What Ending Medicare Really Means

WASHINGTON - MARCH 03:  House Budget Committee ranking member Rep. Paul Ryan (R-WI) makes an opening statements before hearin
WASHINGTON - MARCH 03: House Budget Committee ranking member Rep. Paul Ryan (R-WI) makes an opening statements before hearing from Office of Management and Budget Director Peter Orzag about the proposed FY2010 White House budget on Capitol Hill March 3, 2009 in Washington, DC. According to Orzag, President Barack Obama's new $3.6 trillion budget blueprint will use a combination of new spending and tax increases to erase an economic inequality that has grown over the last 30 years. The blueprint also projects a $1.75 trillion deficit. (Photo by Chip Somodevilla/Getty Images)

Medicare is not just any program. It's a program that saves lives and helps older Americans stay healthy. Since 1965, the Medicare system has successfully and efficiently provided millions of seniors in Nevada and across the country with the quality health services that they have paid for all their working lives. In addition to Social Security, the Medicare program is one of the most important social safety nets this country has ever known.

Unfortunately, 47 years after Medicare's creation, the program is under assault by Washington politicians who don't understand just how much Nevada's senior citizens depend on these guaranteed healthcare benefits.

My opponent in the campaign for the United States Senate is one of those politicians.

On April 15, 2011, then Congressman Dean Heller voted for a budget proposal put forward by Wisconsin Republican Congressman and now vice-presidential candidate Paul Ryan that would essentially end Medicare.

Then, on May 25, 2011, following his appointment to the U.S. Senate after the resignation of Senator John Ensign, Heller had the opportunity to vote for the proposal once again. Not only did he take that opportunity, he relished it. He said he was "proud" to be the only member of Congress that voted for the Ryan plan twice.

Why is that significant? Because according to the conservative, pro-business Wall Street Journal, the Ryan budget proposal would "essentially end Medicare" and turn the program over to the private insurance industry.

Heller's proposal would end guaranteed benefits for seniors by providing a voucher to buy insurance on the private market. This would make the system less efficient and more expensive for older Americans compared to traditional Medicare. In fact, while health care costs would increase for all those who receive vouchers, the vouchers would not increase in value to keep up with the costs.

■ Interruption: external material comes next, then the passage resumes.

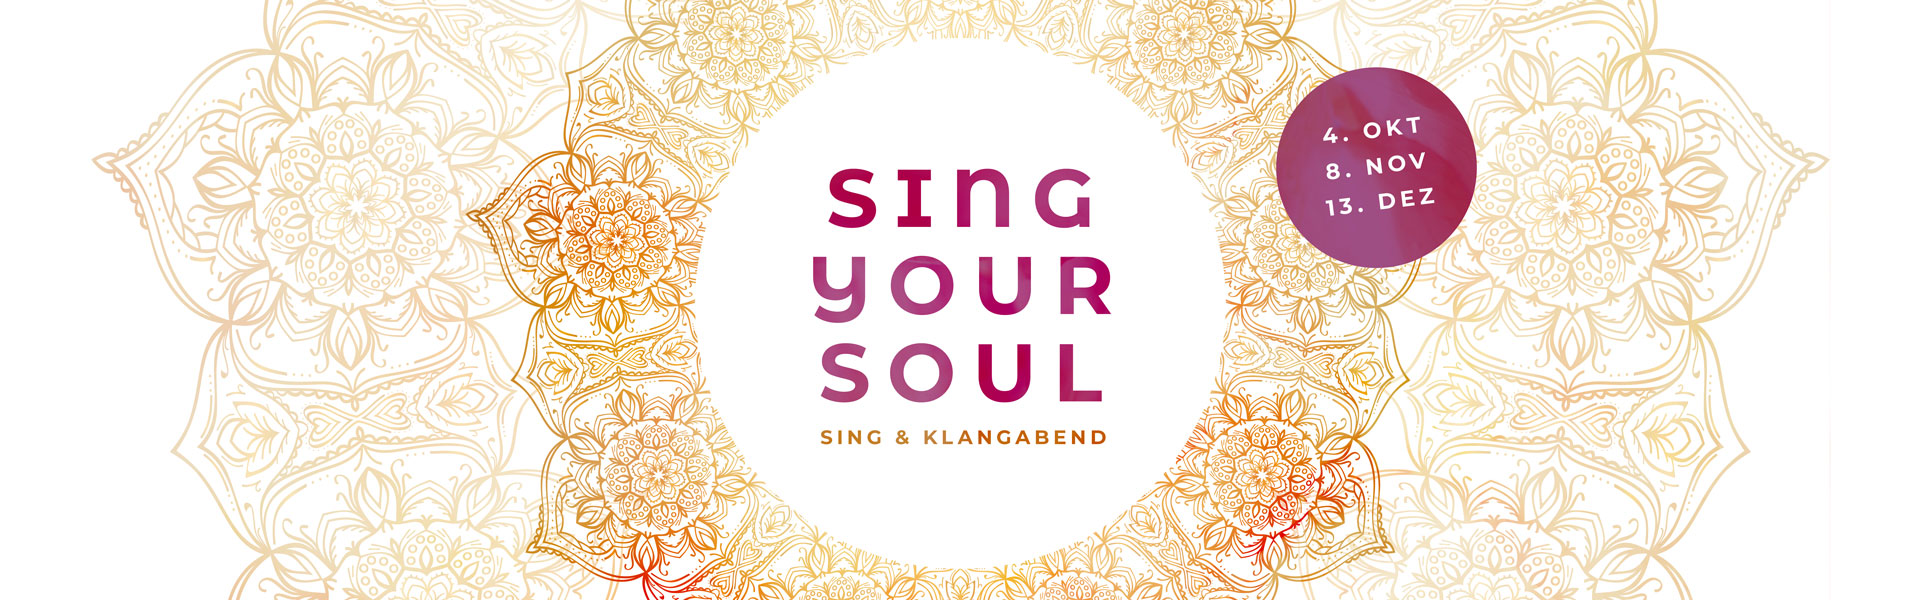 Sing Your Soul | Stimm- und Klangreise mit Yeshi Choedon in Freiburg

Independent analysts such as the Center on Budget and Policy Priorities have shown that this plan would dramatically increase the average premium for Medicare beneficiaries in Nevada and across the country. According to the non-partisan Congressional Budget Office, the increase would be approximately $6,000 a year for the same coverage they currently receive under Medicare! The average senior on Social Security receives nearly $15,000 a year in benefits, $6,000 is almost half the income many seniors live on. If the Ryan-Heller budget became law, where would our seniors find the additional $6,000 to pay for their health care? To add insult to injury, if Ryan and Heller had it their way, seniors in Nevada would also have to pay $15 million more for prescription drugs starting this year.

Some politicians and so-called fact checkers claim the proposal I just described doesn't technically "end" Medicare. They are wrong. The seniors' healthcare system that Senator Dean Heller proudly voted twice to implement is unrecognizable to the Medicare program that Nevada seniors depend on today.

Instead of relying on guaranteed benefits to take care of their healthcare needs, seniors would be at the mercy of private insurance company bureaucrats who for the first time would be allowed to come between patients and their doctors.

Seniors would be forced to pay thousands of dollars more a year for the coverage they are already receiving. And if the voucher doesn't cover the service and you can't pay? Tough luck. You're on your own.

You can call that Medicare if you want -- but that's not the program created 47 years ago.

The reality is that Senator Heller's plan terminates the Medicare program and creates a whole new system where private insurance companies are in charge.

That is not Medicare.

Just because some people claim that Atlantic City is like Las Vegas, that doesn't make that town in New Jersey anything close to the Entertainment Capital of the World.

I oppose Senator Heller's plan, but I also recognize that we need to take actions to address the long term solvency of the current Medicare system.

We must make improvements to strengthen the program like reducing waste, fraud and abuse in the program; saving billions of dollars in administrative spending by adopting forward thinking measures like electronic records; allowing Medicare to negotiate drug prices just like the VA does, allowing the re-importation of prescription drugs, and actively promote accountable care organizations that integrates coordinate health care services.

Republicans and Democrats must work together to implement common sense solutions to save the program.

However, what we must not do is dismantle the system altogether, while keeping the same name and pretend that's Medicare. Ending Medicare is not something to be proud of.